Persons with disabilities around the world experience health inequities – they die earlier, have poorer health and experience more limitations in everyday functioning than the rest of the population. These inequities are the result of unjust and unfair conditions they face, including stigma and discrimination, poverty, exclusion from education and employment, and barriers in the health system.
Innovative and transformative approaches to inclusive development means doing things differently in the health sector. We will not effectively address global health priorities or achieve Sustainable Development Goal 3 unless health equity for persons with disabilities at the centre of our efforts. The WHO Global Report in Health Equity for Persons with Disabilities sets forth the approaches and actions that countries can take to address these inequities.
Key facts
- An estimated 1.3 billion people – or 1 in 6 people worldwide – experience significant disability.
- Some persons with disabilities die up to 20 years earlier than those without disabilities.
- Persons with disabilities have twice the risk of developing conditions such as depression, asthma, diabetes, stroke, obesity or poor oral health.
- Inaccessible health facilities are up to 6 times more difficult for persons with disabilities.

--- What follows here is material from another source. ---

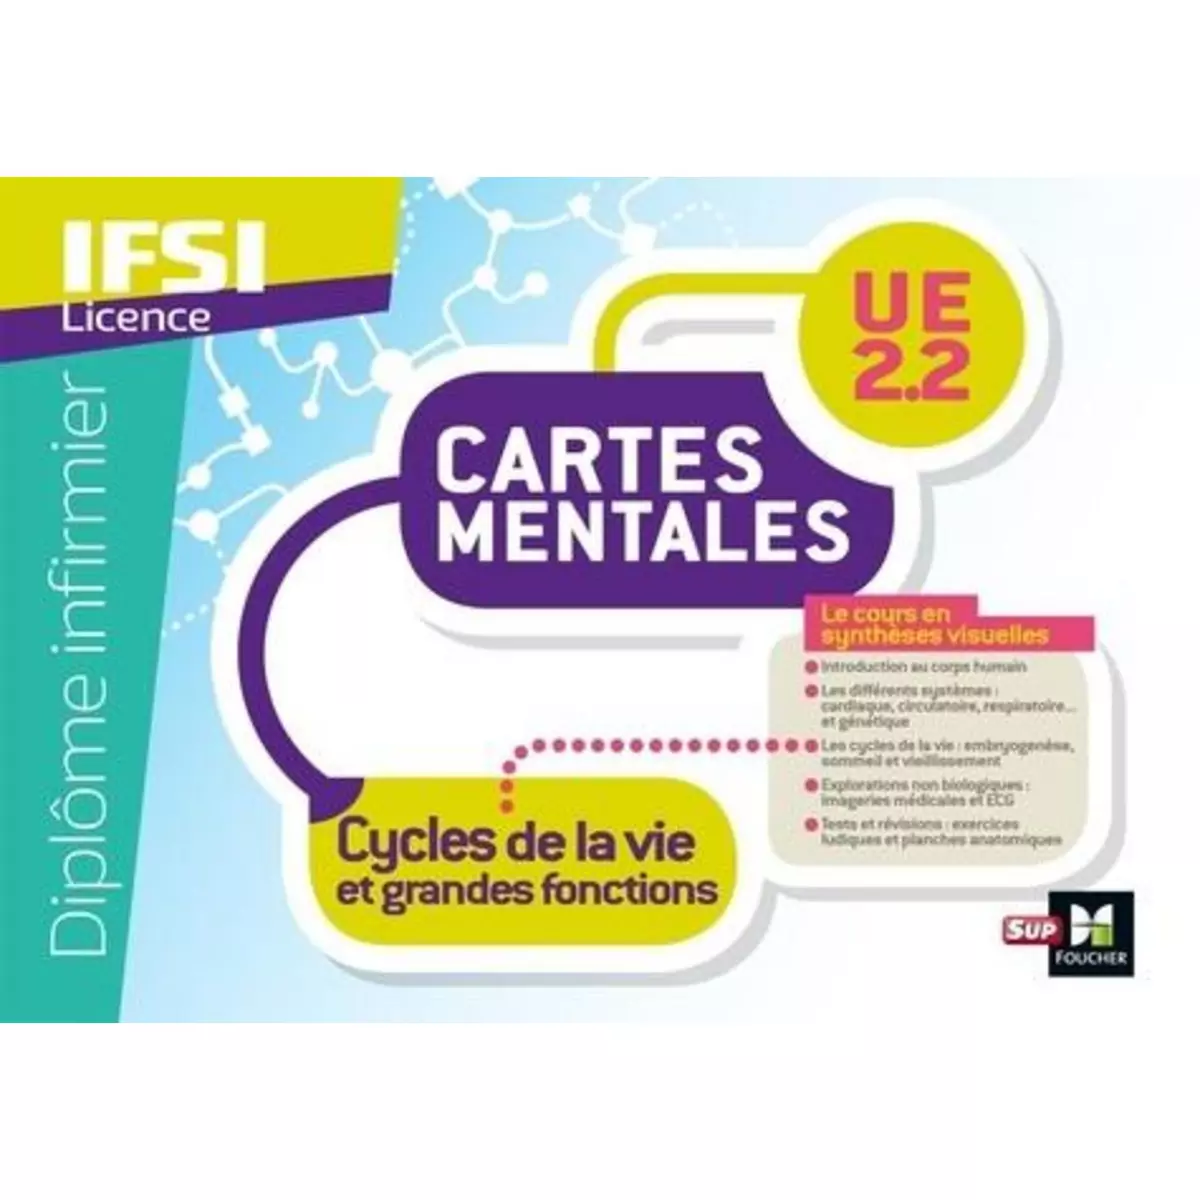  IFSI LICENCE. CARTES MENTALES UE 2.2 CYCLES DE LA VIE ET GRANDES FONCTIONS, Faure Sandrine

- Persons with disabilities find inaccessible and unaffordable transportation 15 times more difficult than for those without disabilities.
- Health inequities arise from unfair conditions faced by persons with disabilities, including stigma, discrimination, poverty, exclusion from education and employment, and barriers faced in the health system itself.
Factors contributing to health inequities
Health inequities arise from unfair conditions faced by persons with disabilities.
Structural factors: Persons with disabilities experience ableism, stigma and discrimination in all facets of life, which affects their physical and mental health. Laws and policies may deny them the right to make their own decisions and allow a range of harmful practices in the health sector, such as forced sterilization, involuntary admission and treatment, and even institutionalization.
Social determinants of health: Poverty, exclusion from education and employment, and poor living conditions all add to the risk of poor health and unmet health care needs among persons with disabilities. Gaps in formal social support mechanisms mean that persons with disabilities are reliant on support from family members to engage in health and community activities, which not only disadvantages them but also their caregivers (who are mostly women and girls).
Risk factors: Persons with disabilities are more likely to have risk factors for non-communicable diseases, such as smoking, poor diet, alcohol consumption and a lack of physical activity. A key reason for this is that they are often left out of public health interventions.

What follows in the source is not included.